I thought I could replace

common[$2FS$3FS$4FS$5FS$6FS$7FS$8FS$9FS$10FS$11FS$12FS$13FS$14FS$15FS$16FS$17FS$18FS$19FS$20$FS$21FS$22FS$23FS$24FS$25FS$26FS$27FS$28FS$29FS$30FS$31FS$32FS$33FS$34FS$35FS$36]

by

for(i=2; i<=36; i++){var=sprintf("%s%s",$i, i<36 ? OFS : "\n"); common[var]}

Don_Cragun · May 6, 2016, 1:12am

You might want to consider an alternative approach. No sprintf() calls, no for loops to gather your keys, and no long lists of explicitly copied arguments; just a single substr() call.

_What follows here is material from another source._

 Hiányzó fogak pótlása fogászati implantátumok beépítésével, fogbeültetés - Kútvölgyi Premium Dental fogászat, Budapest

And, it doesn't care how many input fields are in your keys.

awk -F'|' '
{	key = substr($0, length($1) + 1, length - length($1 FS $NF))
	if(key in list)
		list[key] = list[key] ";" $1 "(" $NF ")"
	else {	list[key] = $1 "_(" $NF ")"
		keylist[++keycount] = key
	}
}
END {	for(i = 1; i <= keycount; i++)
		print list[keylist]  keylist
}' file

If file is a file that contains slightly modified versions of your two input samples:

A|1|2|3|4|5
B|1|2|3|4|3
C|1|2|3|4|1
D|1|9|3|4|12
E|1|2|3|4|A|Q|W|S|E|D|F|R|C|D|E|S|S|W|Q|D|C|E|F|E|V|F|R|R|E|W|Q|Z|V|L|L|H|5
F|1|2|3|4|A|Q|W|S|E|D|F|R|C|D|E|S|S|W|Q|D|C|E|F|E|V|F|R|R|E|W|Q|Z|V|L|L|H|3
G|1|2|3|4|A|Q|W|S|E|D|F|R|C|D|E|S|S|W|Q|D|C|E|F|E|V|F|R|R|E|W|Q|Z|V|L|L|H|1
H|1|2|3|4|S|D|E|Q|O|P|V|S|E|R|E|E|E|E|J|A|R|J|L|U|E|L|O|P|I|T|A|L|Y|D|T|B|12

it produces the output:

A_(5);B(3);C(1)|1|2|3|4
D_(12)|1|9|3|4
E_(5);F(3);G(1)|1|2|3|4|A|Q|W|S|E|D|F|R|C|D|E|S|S|W|Q|D|C|E|F|E|V|F|R|R|E|W|Q|Z|V|L|L|H
H_(12)|1|2|3|4|S|D|E|Q|O|P|V|S|E|R|E|E|E|E|J|A|R|J|L|U|E|L|O|P|I|T|A|L|Y|D|T|B

If someone wants to try this on a Solaris/SunOS system, change awk in this script to /usr/xpg4/bin/awk or nawk .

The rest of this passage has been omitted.